* **DESCRIPTION OF THE TASK**:
Print out the data that follows exactly, character for character, apart from the pictures.

Top of INFORMATION SHOWN

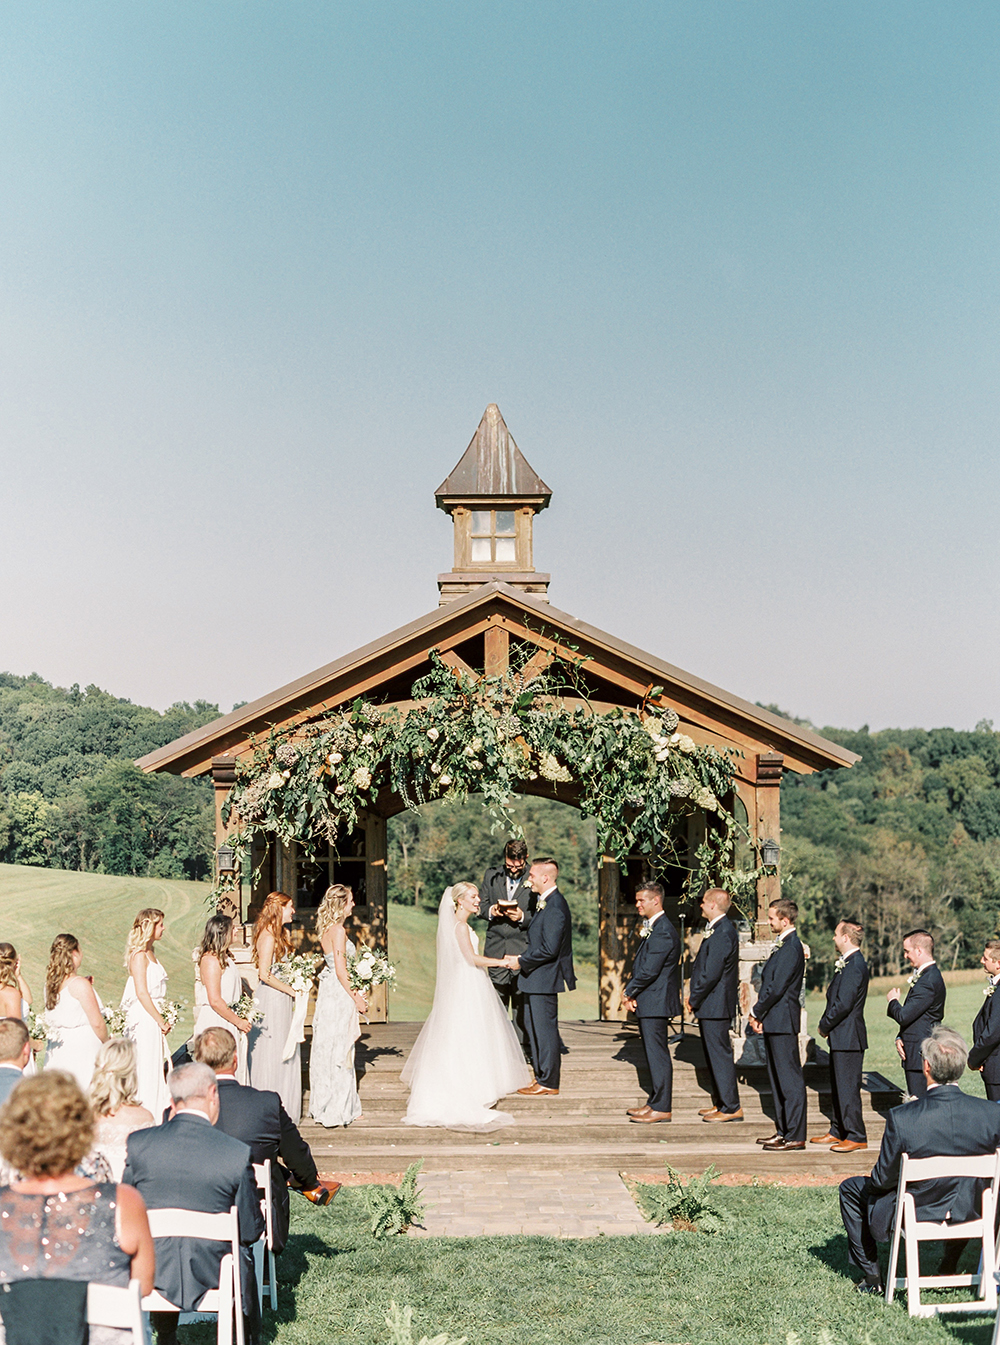 brewery wedding venues outdoor ceremony pavilion
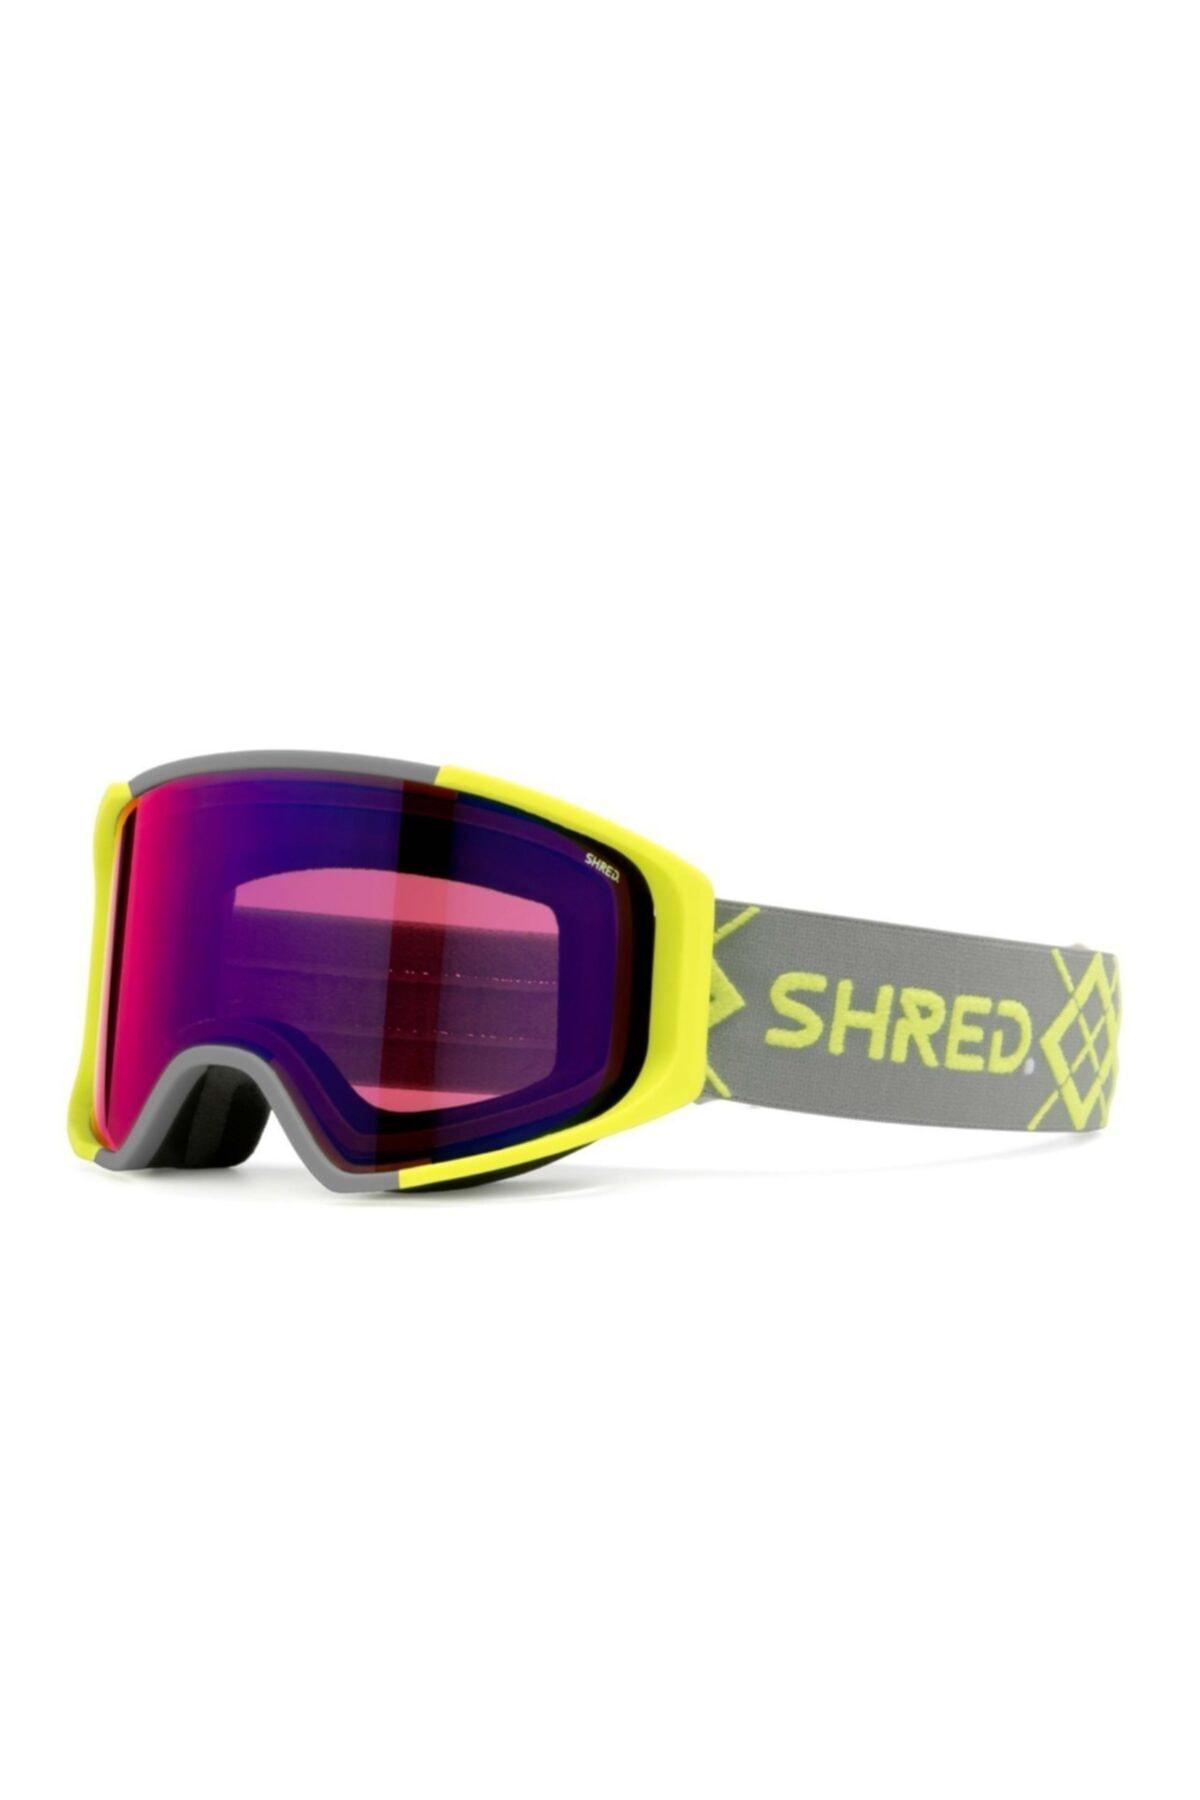 SHRED Gözlük Sımplfy Cbl Blast 1
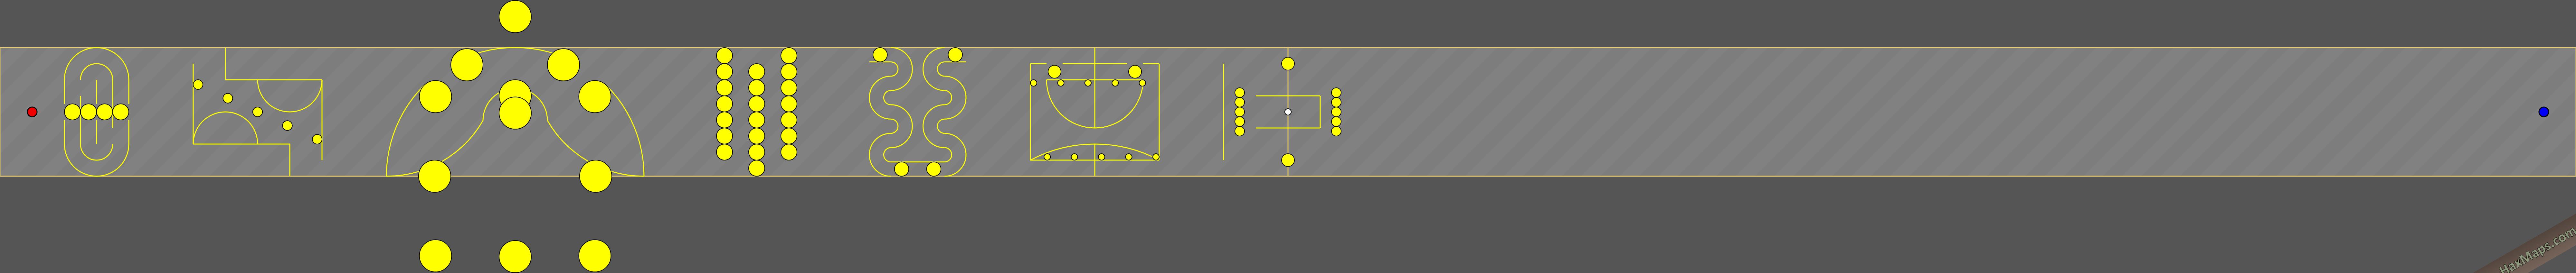 hax ball maps | Yellow-9

Bottom of INFORMATION SHOWN

* **THE COMPLETED TASK**:
 brewery wedding venues outdoor ceremony pavilion
 SHRED Gözlük Sımplfy Cbl Blast 1
 hax ball maps | Yellow-9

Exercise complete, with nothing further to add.